Pond Scene 1
My damp feet trespass the berm
at the pond’s edge,
winter’s precocious thaw.
Remnants of fall leaves
scatter beneath her veil,
lolling, wet in February’s death. I
see you half submerged / camera’s dream,
hearkening Millais’ muted heroine.
We share in printed after-stills
our dimmed twin vision: Ophelia:
submerged, condemned to sleep;
death’s certain vagary bled through petioles.
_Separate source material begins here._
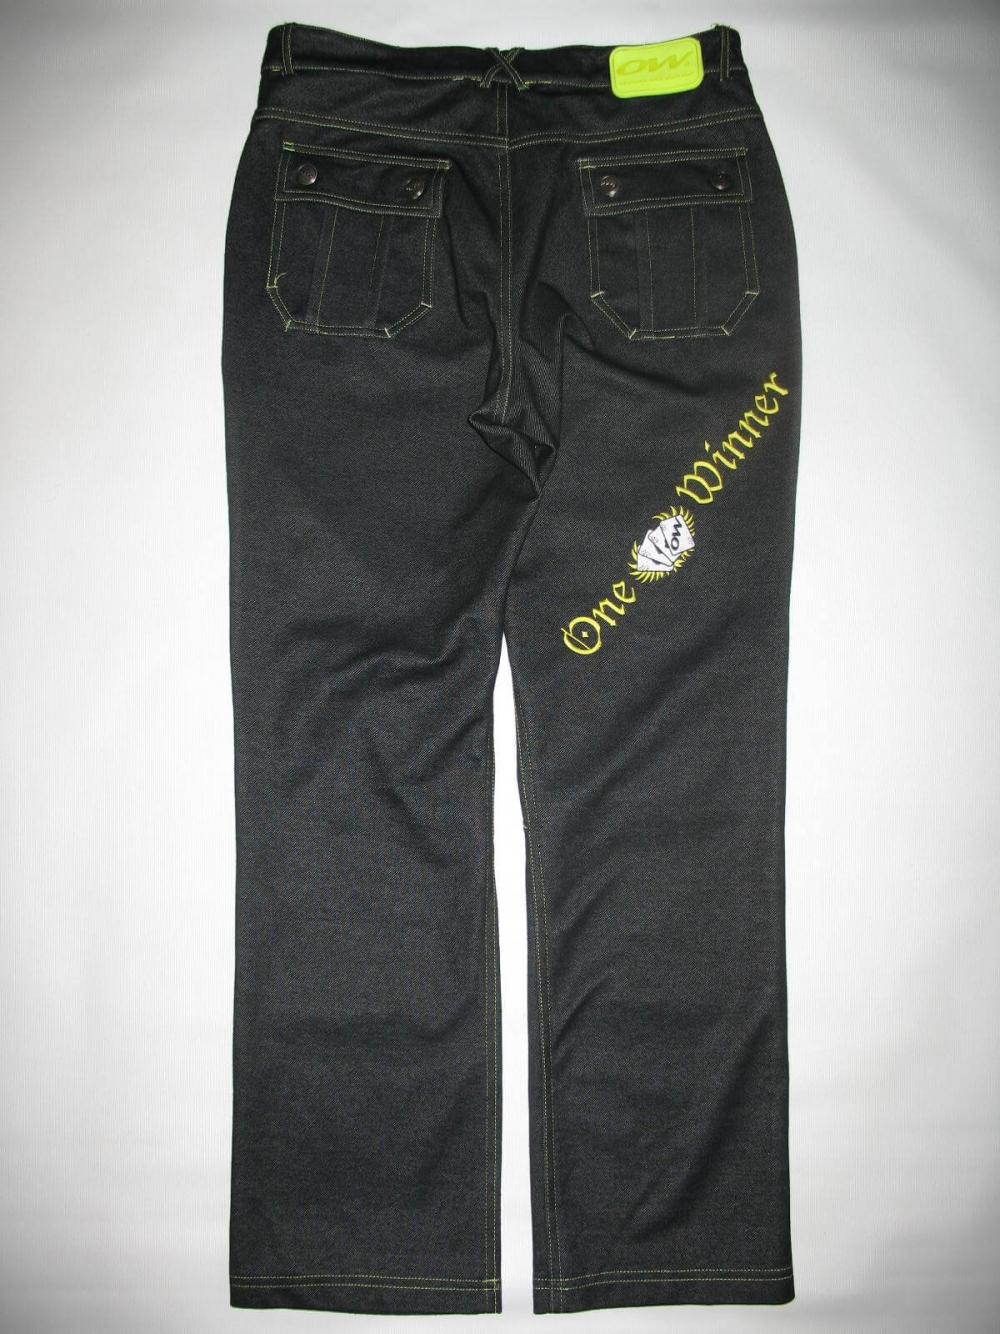 Штаны OW one winner pants (размер М) - 2

Spring should bloom through winter’s
bleak monochrome, but the camera’s eye
called it in aspheric departure.
Pond Scene 2
Me—anxious, texting you from the pond
in the municipal park of the shitty little barely-city
the aftermath of scraped metal, a tire, small-town
accidents with blue-clad bullies aggravating, not officiating
yet harassing the queer victim. It was the other’s fault
and yet, I was the constructed other/victim? Her choleric husband
evicted from the scene / at my insistence / without being there.
He felt the need to speak for her / render her mute—
his grateful, adoring contingent. Truth, the spare tire scraped over my hood
as she rammed the reverse / embossing my front bumper.
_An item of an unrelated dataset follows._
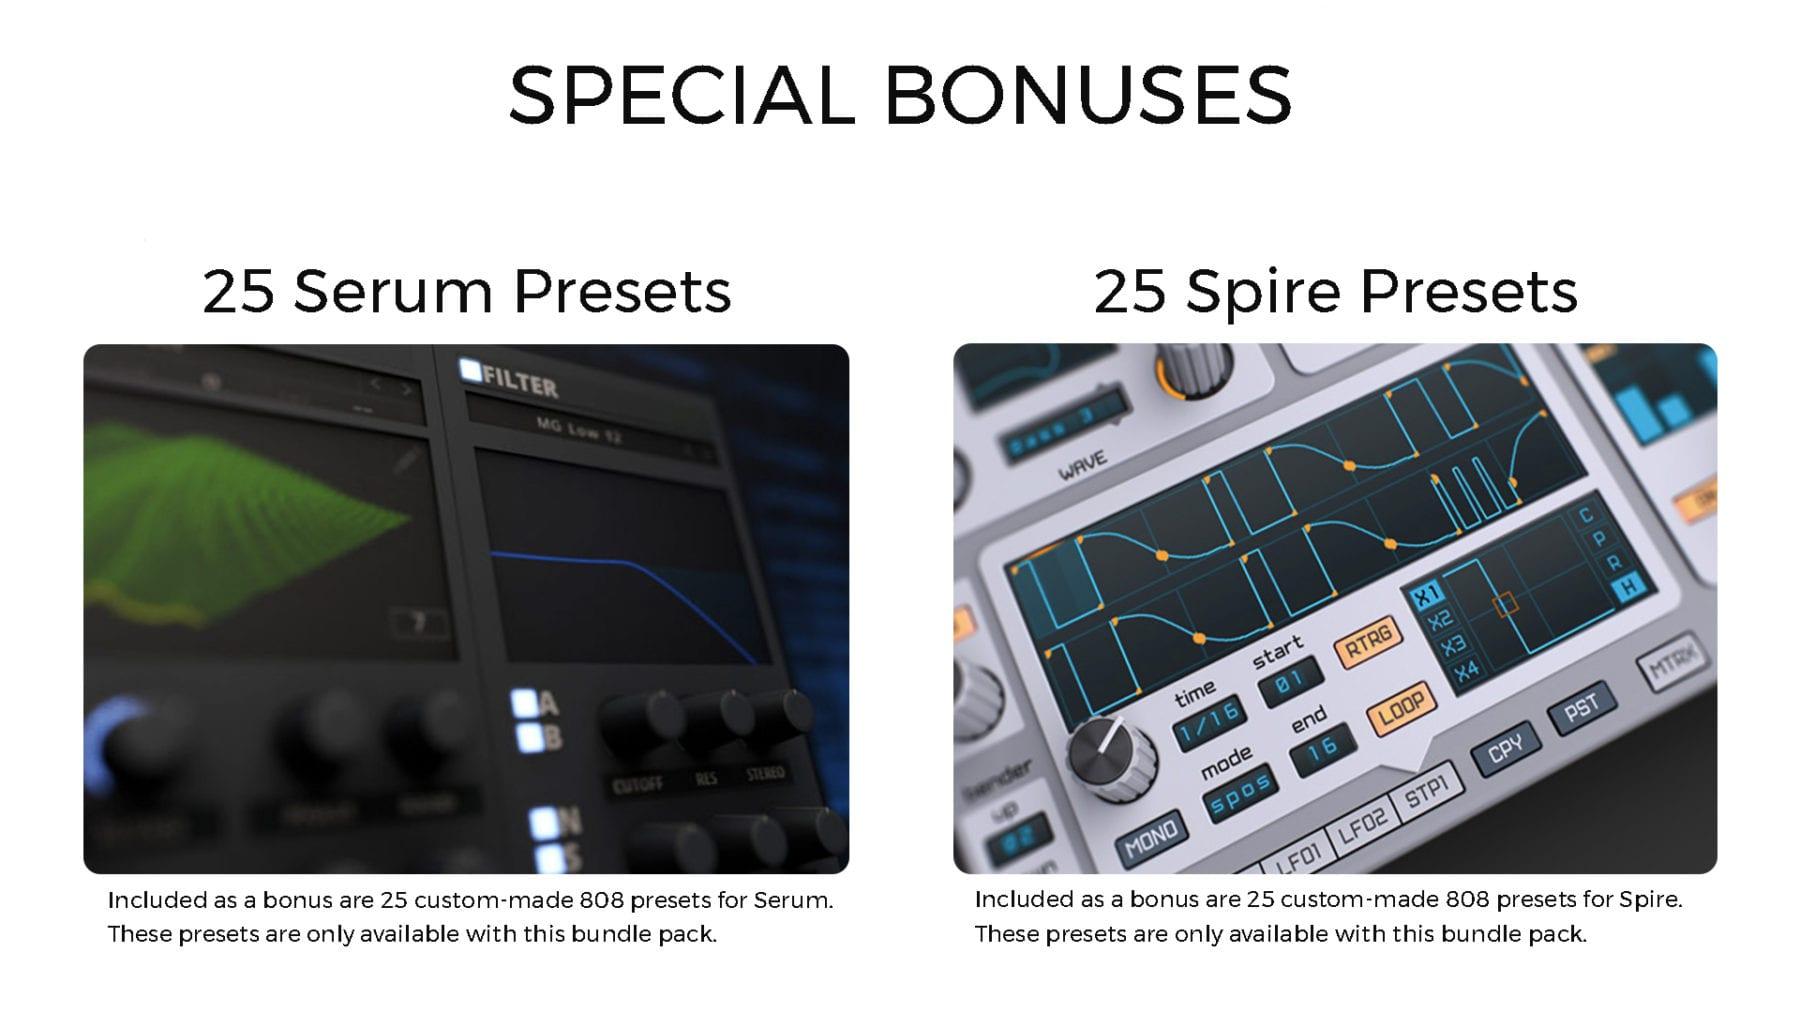 Bonuses For 808 Bundle Pack

An easy thousand for the slight damage of a reckless instant.
You didn’t honk in time, she told the cop, told me, as if it were my fault.
Victim-blamed and used to it / small town queer.
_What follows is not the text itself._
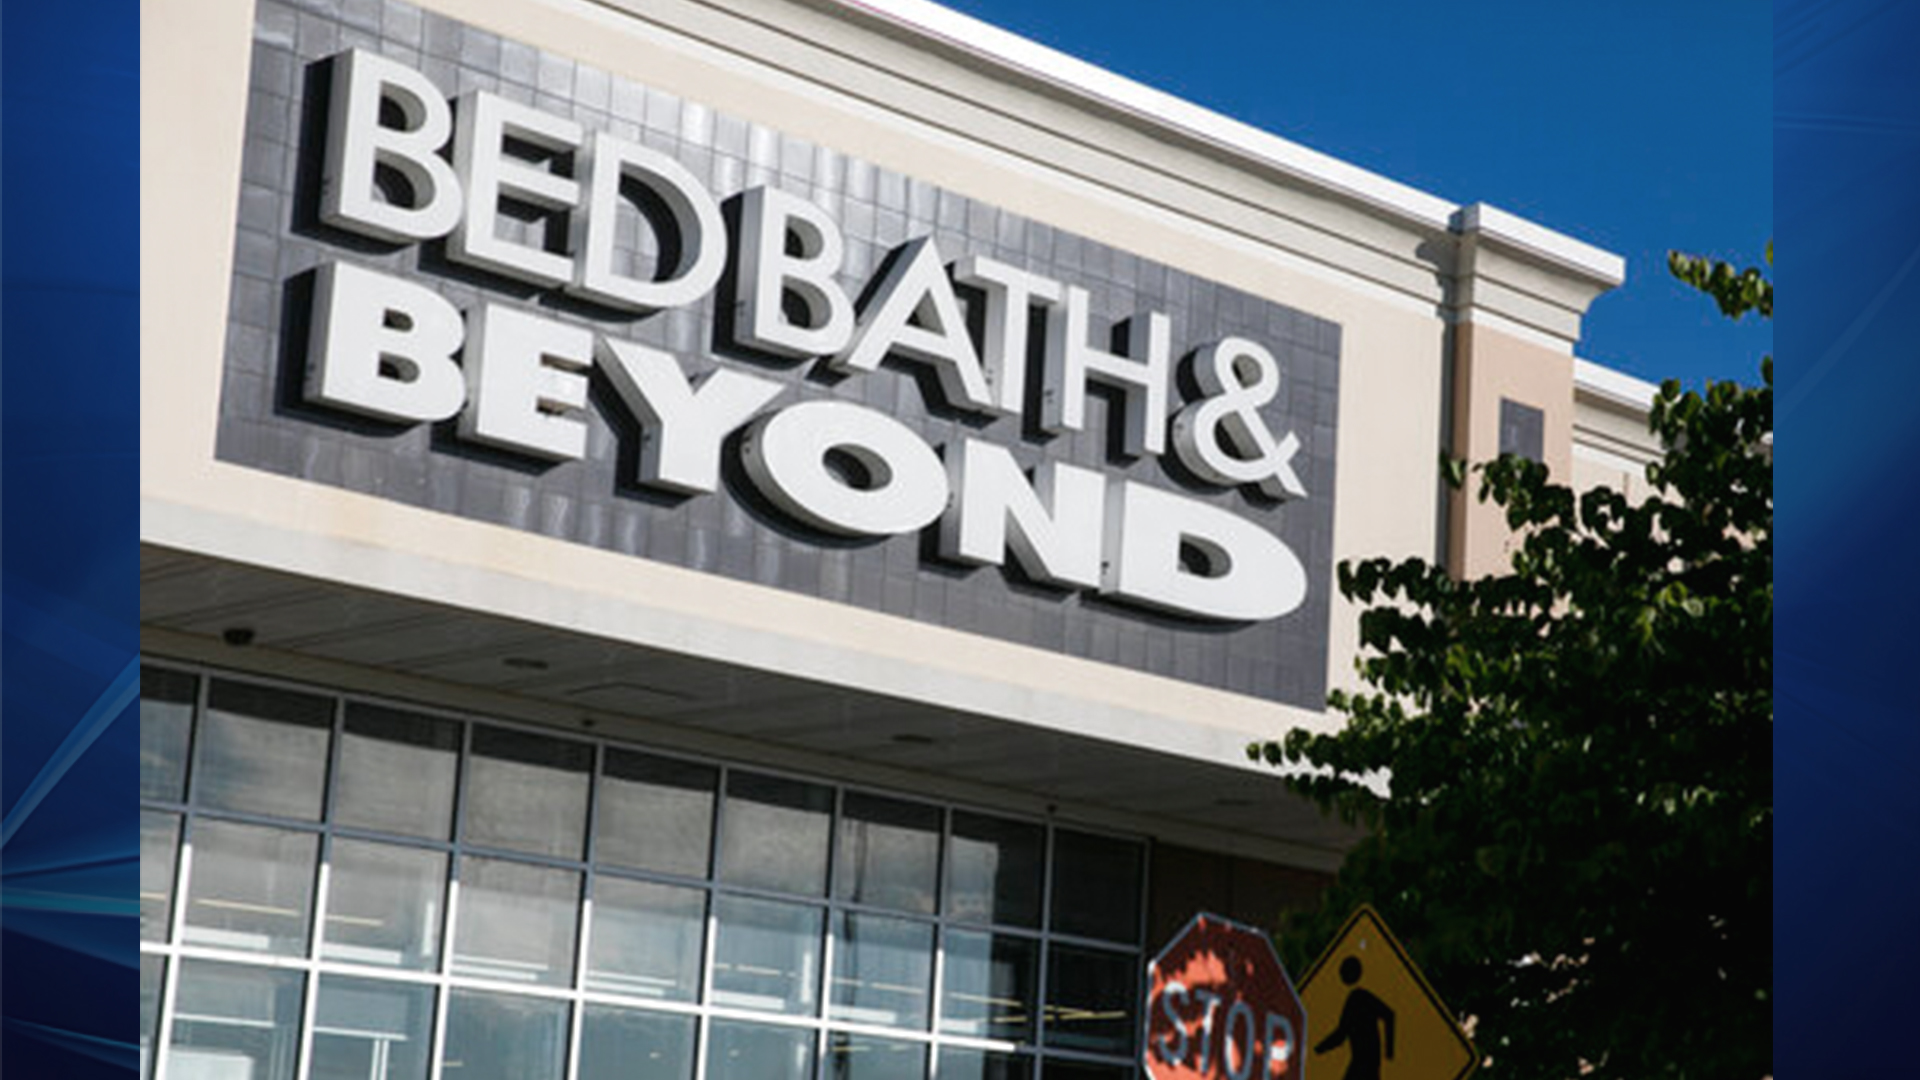 Bed Bath Beyond To Close 200 Stores Wjet Wfxp Yourerie Com

Can a woman cop co-opt the power of a cock?
Harassing women, queers, a small-town dream realized
in someone else’s misfortune.
I texted you, upset, overwrought. Not just the accident,
the nasty husband, the bullish, man-wannabe bitch-of-a-cop, but the whole
damn scene. You texted—“Take care. We’ll talk tomorrow.”
Ducks floated along and people ambled down the path.
I sat alone on a bench, waiting for the police report.
No comfort that day. It was Cinco de Mayo.
Everyone was drunk—driving their shiny vintage cars down the strip.
Small town shit. No tests were given, except to me.
Two more tires dislodged from their vehicles only weeks later,
Shredding and striking my car, rolling up over my hood.
Bizarre, the universe
with its accidents / not. Something with tires.
Pond Scene 3
On a weekend outing / sitting in my car / I felt you.
Sent you a text.
You were reticent / uneasy. More tires.
Blown, broken bumpers, accidents. Yours. A month later.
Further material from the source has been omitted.